Exercises: Explain symmetry and periodicity - Common Core Math - HS Functions

A

Recall / Warm-Up

1.

On the unit circle, the angle $x$ has terminal point $(a, b)$ .
Which expression gives $\cos(x)$ ?

A.

$b$

B.

$a$

C.

$\frac{b}{a}$

D.

$\frac{a}{b}$

2.

A function $f$ is called an even function if $f(-x) = f(x)$ for all $x$ in its domain. Which statement correctly describes an even function's graph?

A.

The graph has rotational symmetry about the origin.

B.

The graph is symmetric about the y-axis.

C.

All output values are non-negative (the graph stays above the x-axis).

D.

The graph is symmetric about the x-axis.

3.

A point travels counterclockwise around the unit circle.
After one complete revolution (adding $2\pi$ radians to the angle),
the terminal point returns to its starting position.

If $\sin\!\left(\dfrac{\pi}{6}\right) = \dfrac{1}{2}$ ,
what is $\sin\!\left(\dfrac{\pi}{6} + 2\pi\right)$ ?

Enter your answer as a fraction.

B

Fluency Practice

1.

Use the even/odd properties of cosine and sine to evaluate.

Given that $\cos\!\left(\dfrac{\pi}{4}\right) = \dfrac{\sqrt{2}}{2}$ ,
find $\cos\!\left(-\dfrac{\pi}{4}\right)$ .

Express your answer in simplest radical form.

2.

Given that $\cos\!\left(\dfrac{2\pi}{3}\right) = -\dfrac{1}{2}$ ,
find $\cos\!\left(-\dfrac{2\pi}{3}\right)$ .

Express your answer as a fraction.

3.

Given that $\sin\!\left(\dfrac{5\pi}{6}\right) = \dfrac{1}{2}$ ,
find $\sin\!\left(-\dfrac{5\pi}{6}\right)$ .

Express your answer as a fraction.

4.

Which statement about the tangent function is correct?

A.

$\tan(-x) = \tan(x)$ , so tangent is an even function.

B.

$\tan(-x) = -\tan(x)$ , so tangent is an odd function.

C.

Tangent is neither even nor odd because it has vertical asymptotes.

D.

$\tan(-x) = \tan(x)$ , so tangent is an odd function.

5.

Use the periodicity of cosine to evaluate.

Given that $\cos\!\left(\dfrac{\pi}{3}\right) = \dfrac{1}{2}$ ,
find $\cos\!\left(\dfrac{\pi}{3} + 6\pi\right)$ .

Express your answer as a fraction.

6.

The tangent function has period $\pi$ .

Given that $\tan\!\left(\dfrac{\pi}{4}\right) = 1$ ,
which of the following also equals $1$ ?

A.

$\tan\!\left(\dfrac{\pi}{4} + 2\pi\right)$

B.

$\tan\!\left(\dfrac{\pi}{4} + \pi\right)$

C.

$\tan\!\left(\dfrac{\pi}{4} + \dfrac{\pi}{2}\right)$

D.

$\tan\!\left(-\dfrac{\pi}{4}\right)$

C

Varied Practice

D

Word Problems / Application

1.

A Ferris wheel rotates so that a rider's height above the ground follows $h(t) = \sin(t)$ (in suitable units), where $t$ is measured in radians.

The rider is at height $\sin\!\left(\dfrac{\pi}{6}\right) = \dfrac{1}{2}$
at time $t = \dfrac{\pi}{6}$ .

At time $t = \dfrac{\pi}{6} + 4\pi$ , what is the rider's height?
Express your answer as a fraction.

2.

A physics experiment records the displacement of a pendulum as $d(\theta) = \tan(\theta)$ (approximate model for small angles).

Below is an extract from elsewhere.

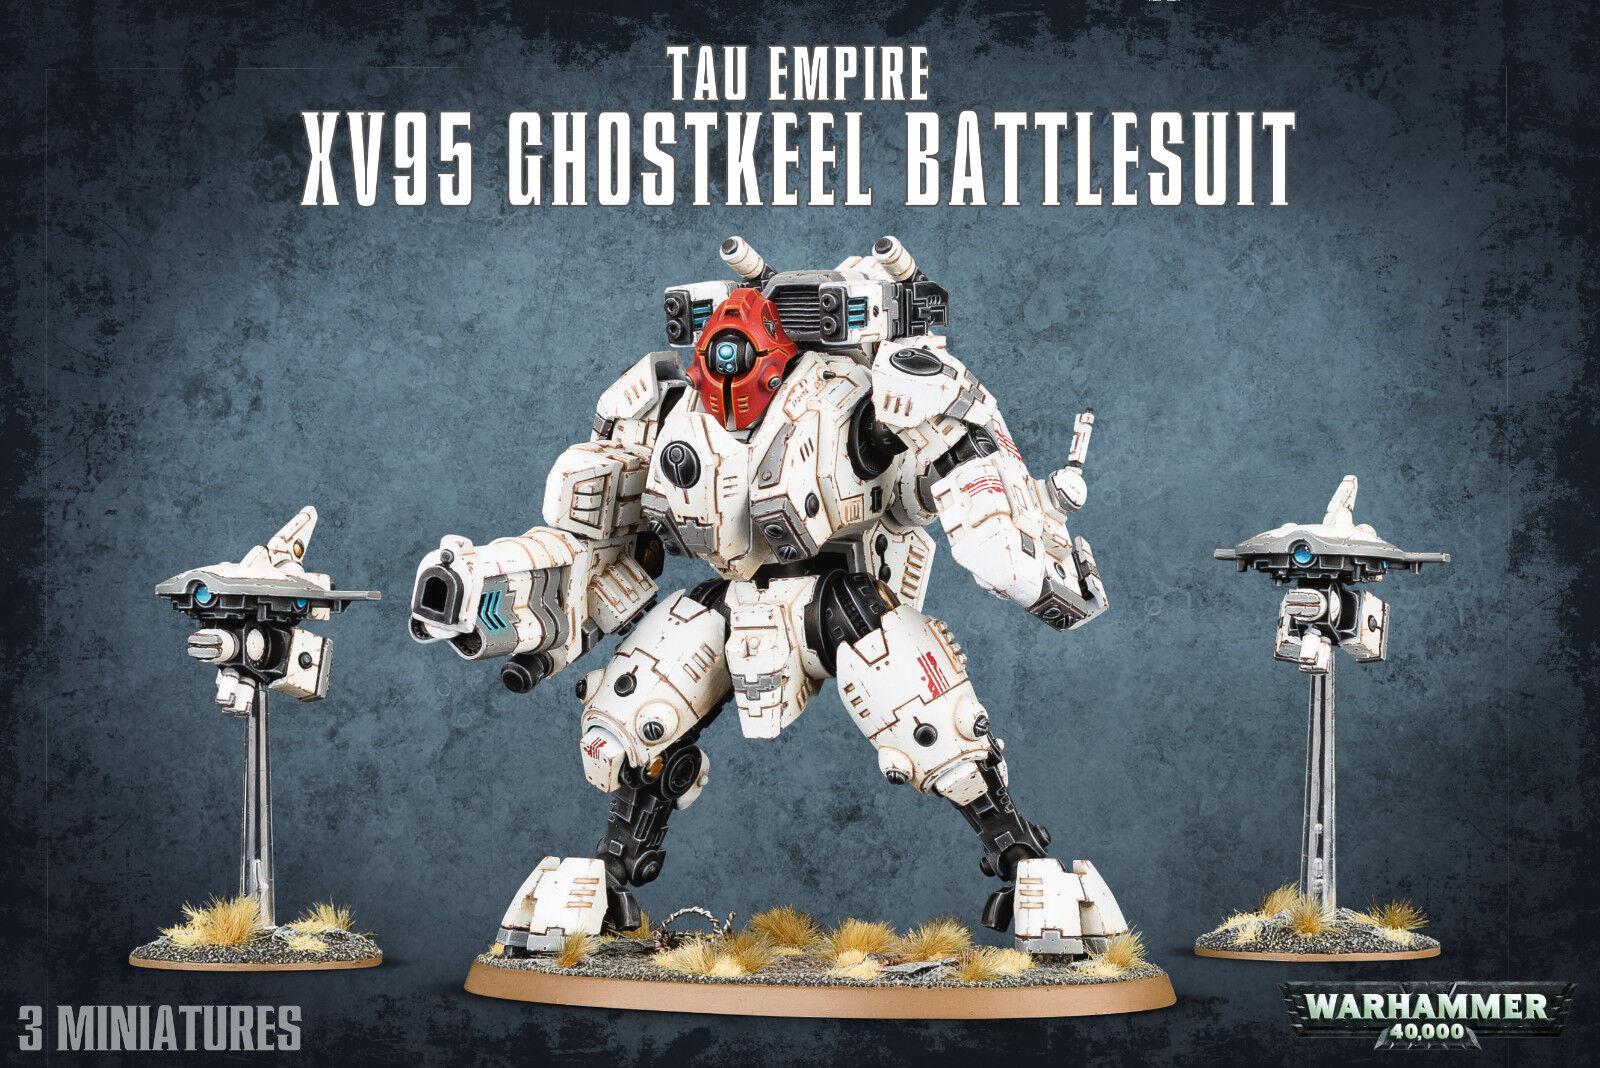 despacho de tienda T'au Imperio XV95 ghostkeel Battlesuit Battlesuit Battlesuit Tau Warhammer 40k Nuevo  barato

Because tangent has period $\pi$ , the displacement pattern repeats every $\pi$ radians of the drive angle.

The measured displacement at $\theta = \dfrac{\pi}{3}$ is
$\tan\!\left(\dfrac{\pi}{3}\right) = \sqrt{3}$ .

Find the displacement at $\theta = \dfrac{\pi}{3} + 5\pi$ .

Express your answer in simplest radical form.

3.

A student evaluates $\sin\!\left(-\dfrac{11\pi}{6}\right)$ using a chain of symmetry and periodicity steps.

1.

Step 1 — Apply the odd property of sine:

$\sin\!\left(-\dfrac{11\pi}{6}\right) = -\sin\!\left(\dfrac{11\pi}{6}\right)$ .

Now evaluate $\sin\!\left(\dfrac{11\pi}{6}\right)$ using the unit circle.
The angle $\dfrac{11\pi}{6}$ is in QIV with reference angle $\dfrac{\pi}{6}$ .

What is $\sin\!\left(\dfrac{11\pi}{6}\right)$ ?
Express your answer as a fraction.

2.

Step 2 — Complete the evaluation:

From Step 1, $\sin\!\left(\dfrac{11\pi}{6}\right) = -\dfrac{1}{2}$ .

Now use the odd property result from Step 1:
$\sin\!\left(-\dfrac{11\pi}{6}\right) = -\sin\!\left(\dfrac{11\pi}{6}\right)$ .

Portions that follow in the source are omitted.